+++ Raw data

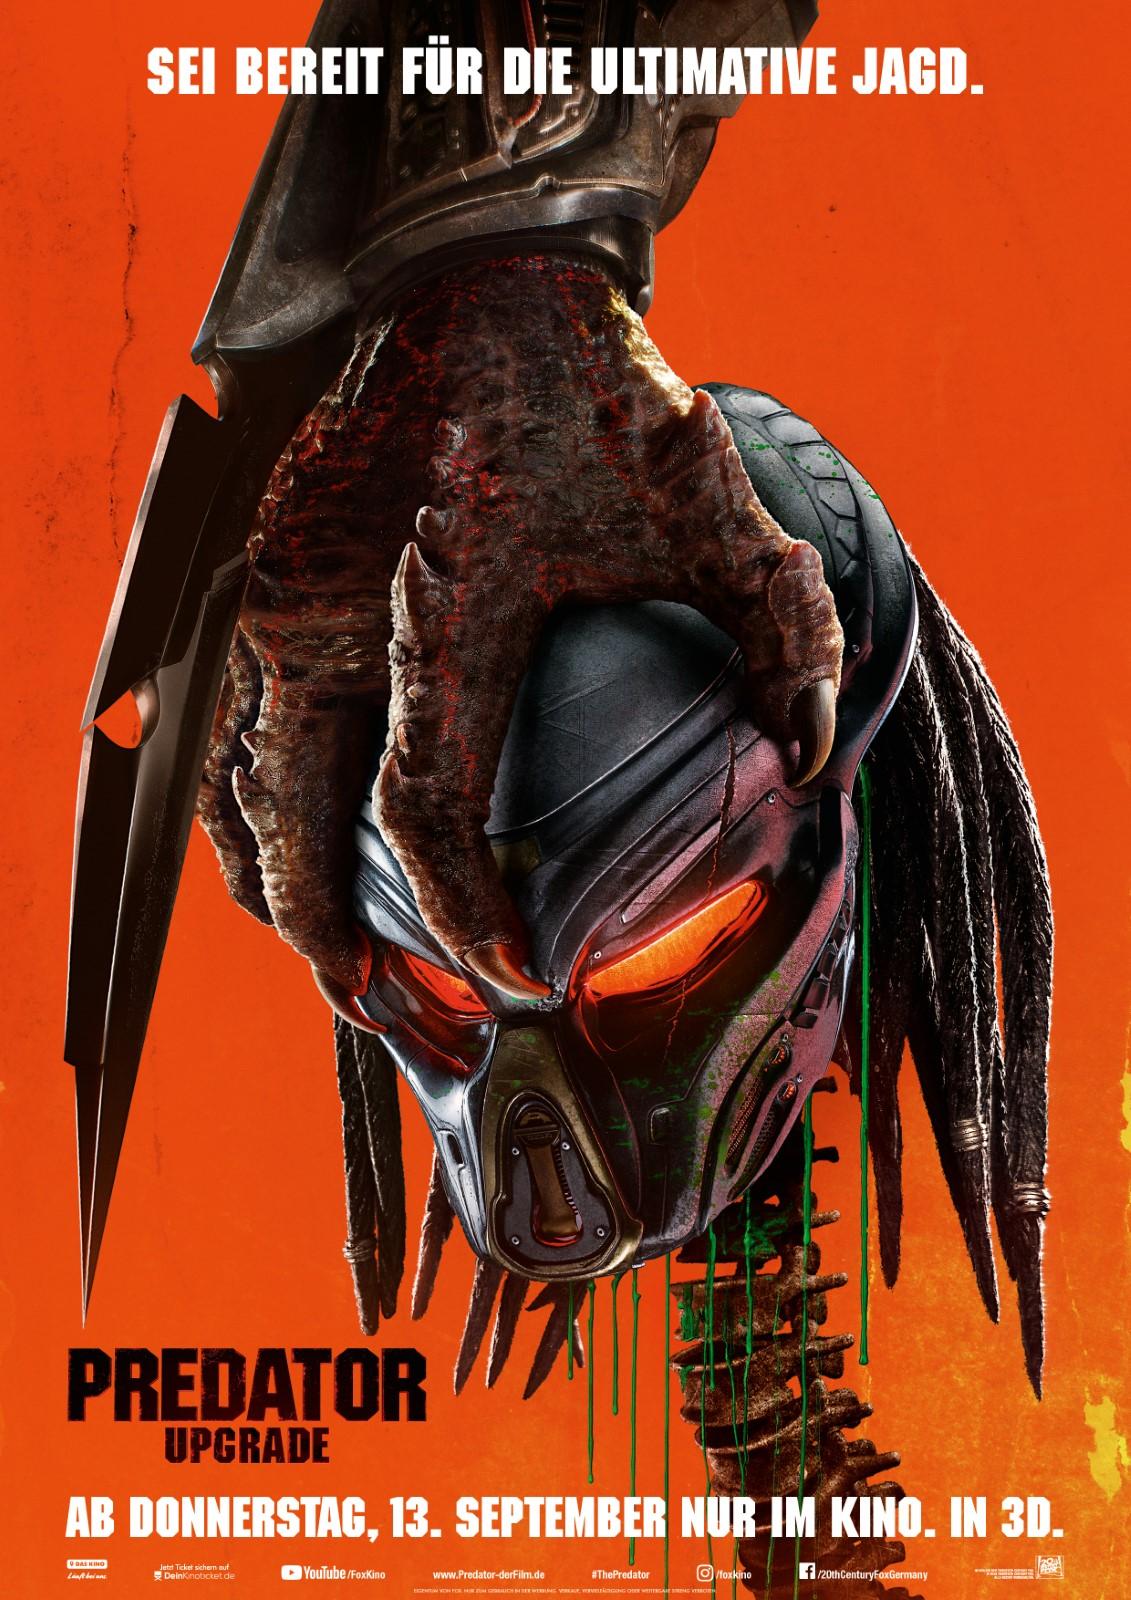 Predator 2019 Besetzung
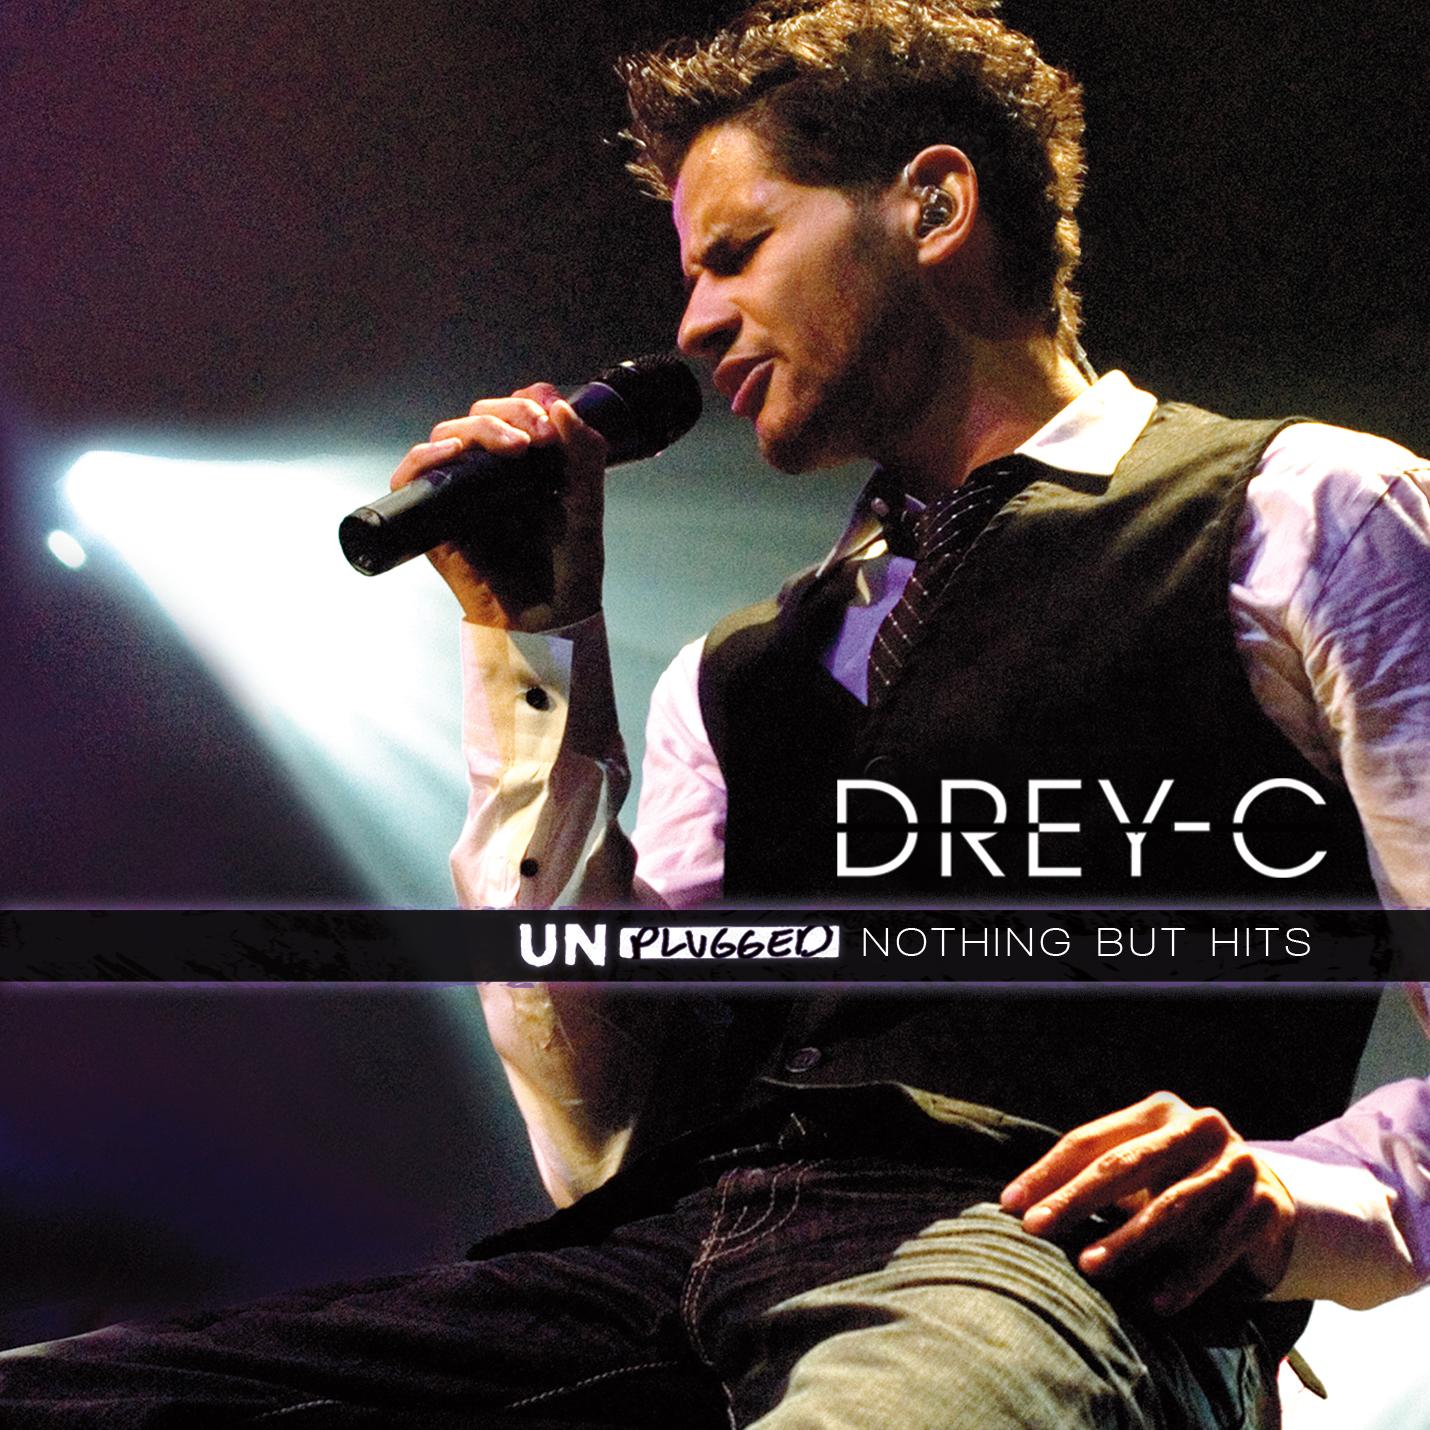 Drey-C Unplugged
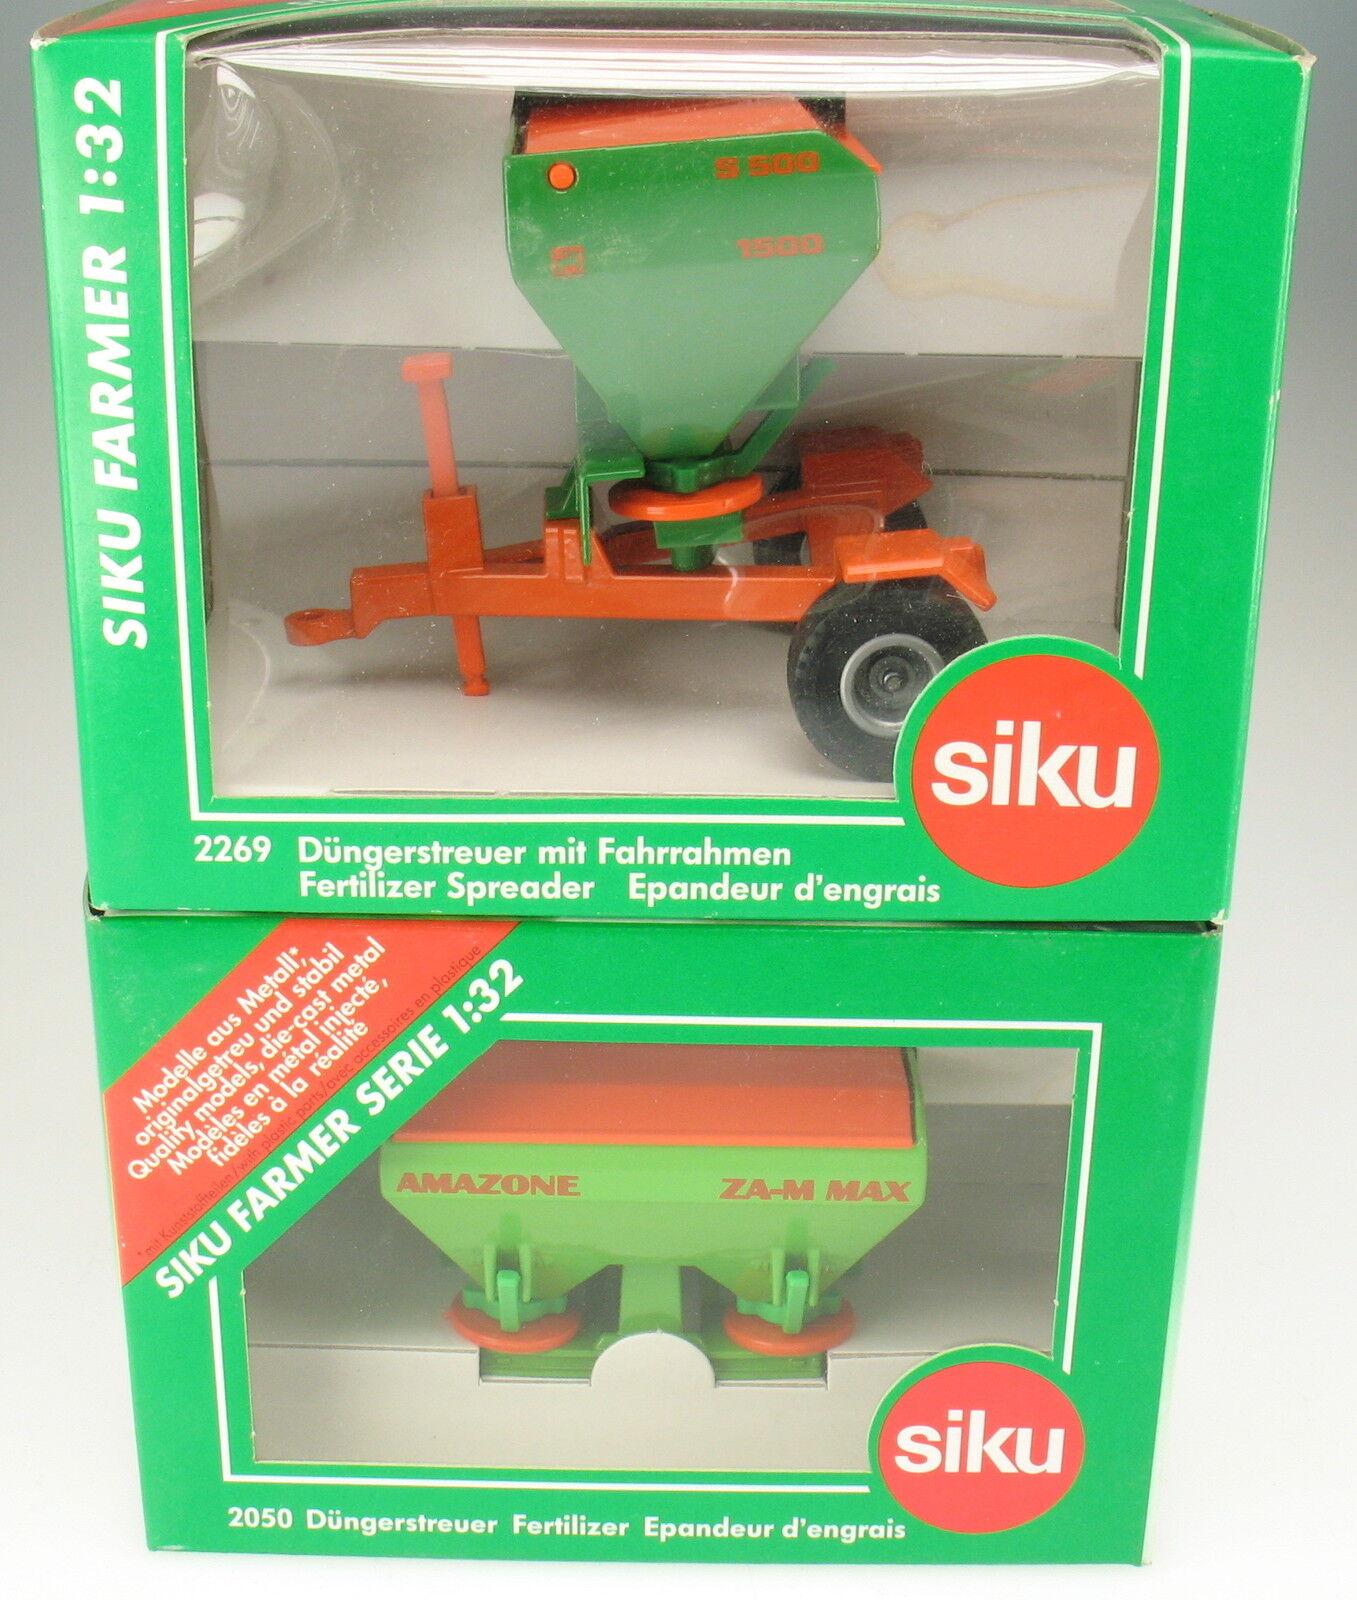 SIKU FARMER 2269 + 2050 - Düngerstreuer mit u ohne Fahrrahmen - NEU in OVP -1 32
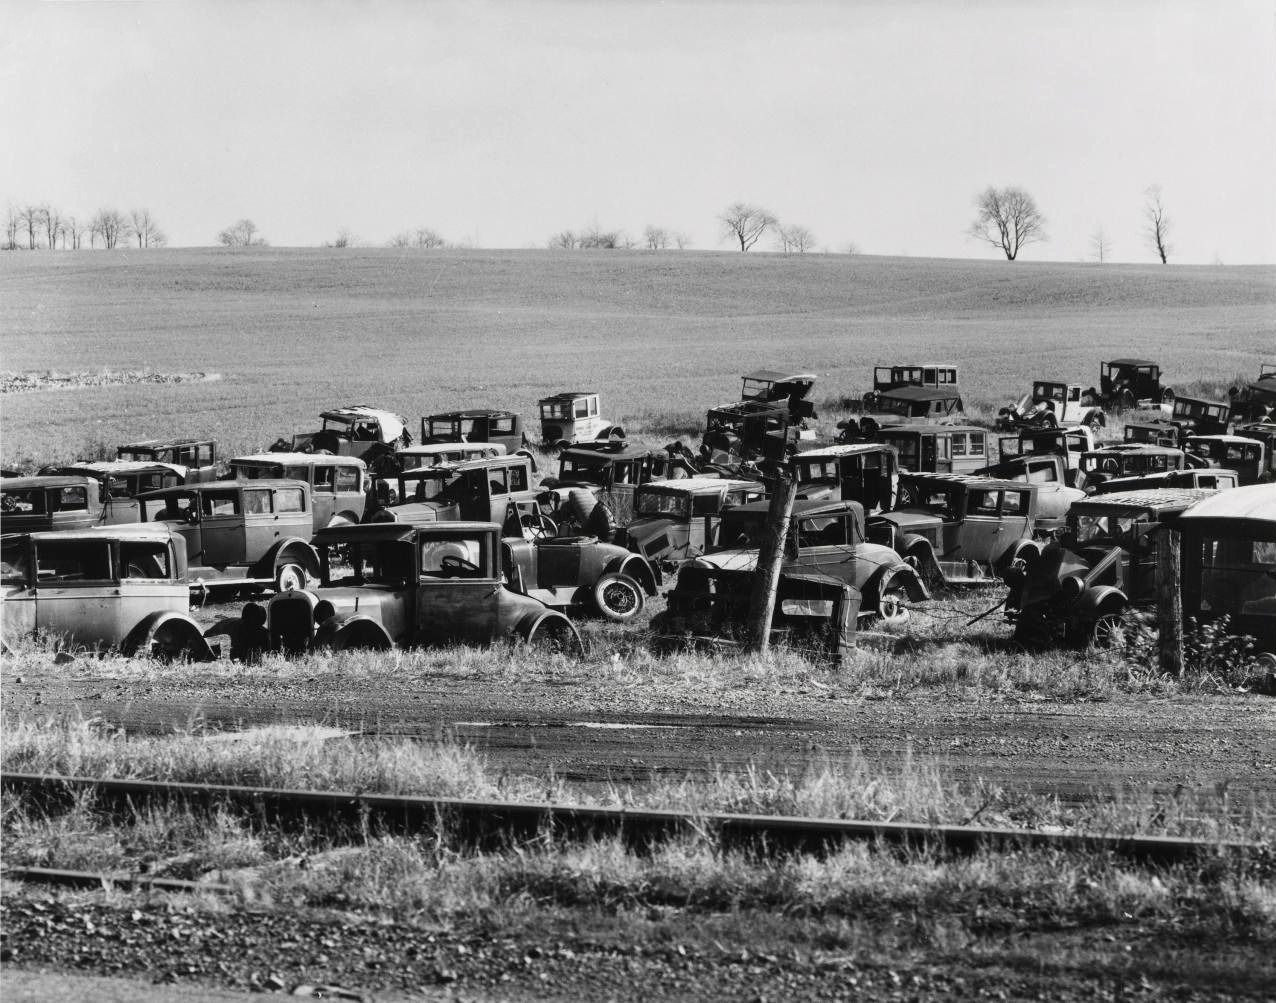 Walker Evans. Auto dump, near Easton, Pennsylvania. 1935

++++++

# Instructions to follow:
With the pictures set aside, copy each line above as written.

# Result of this exercise:
 Predator 2019 Besetzung
 Drey-C Unplugged
 SIKU FARMER 2269 + 2050 - Düngerstreuer mit u ohne Fahrrahmen - NEU in OVP -1 32
 Walker Evans. Auto dump, near Easton, Pennsylvania. 1935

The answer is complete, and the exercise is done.